WHAT IS NEEDED> Retype only what runs from the line that contains "Sede Stool Stools" through the last line of the listing below, both lines included.

__________

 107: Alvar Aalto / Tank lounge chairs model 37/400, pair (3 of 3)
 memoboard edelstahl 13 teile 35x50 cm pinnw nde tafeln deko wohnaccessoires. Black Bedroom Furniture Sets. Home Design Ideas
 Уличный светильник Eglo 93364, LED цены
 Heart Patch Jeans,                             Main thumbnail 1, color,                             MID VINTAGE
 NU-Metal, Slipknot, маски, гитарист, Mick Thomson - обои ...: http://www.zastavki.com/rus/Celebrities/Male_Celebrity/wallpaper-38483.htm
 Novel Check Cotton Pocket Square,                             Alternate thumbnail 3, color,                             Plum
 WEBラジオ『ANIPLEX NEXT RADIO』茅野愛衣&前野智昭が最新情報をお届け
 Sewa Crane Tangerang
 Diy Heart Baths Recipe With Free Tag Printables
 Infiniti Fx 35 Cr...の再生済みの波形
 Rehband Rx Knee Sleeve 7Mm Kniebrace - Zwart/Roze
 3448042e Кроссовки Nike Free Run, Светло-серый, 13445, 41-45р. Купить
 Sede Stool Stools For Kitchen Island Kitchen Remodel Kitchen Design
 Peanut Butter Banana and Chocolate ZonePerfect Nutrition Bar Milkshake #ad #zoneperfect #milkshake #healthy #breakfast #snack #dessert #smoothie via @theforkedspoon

__________

RESPONSE AREA>
 Sede Stool Stools For Kitchen Island Kitchen Remodel Kitchen Design
 Peanut Butter Banana and Chocolate ZonePerfect Nutrition Bar Milkshake #ad #zoneperfect #milkshake #healthy #breakfast #snack #dessert #smoothie via @theforkedspoon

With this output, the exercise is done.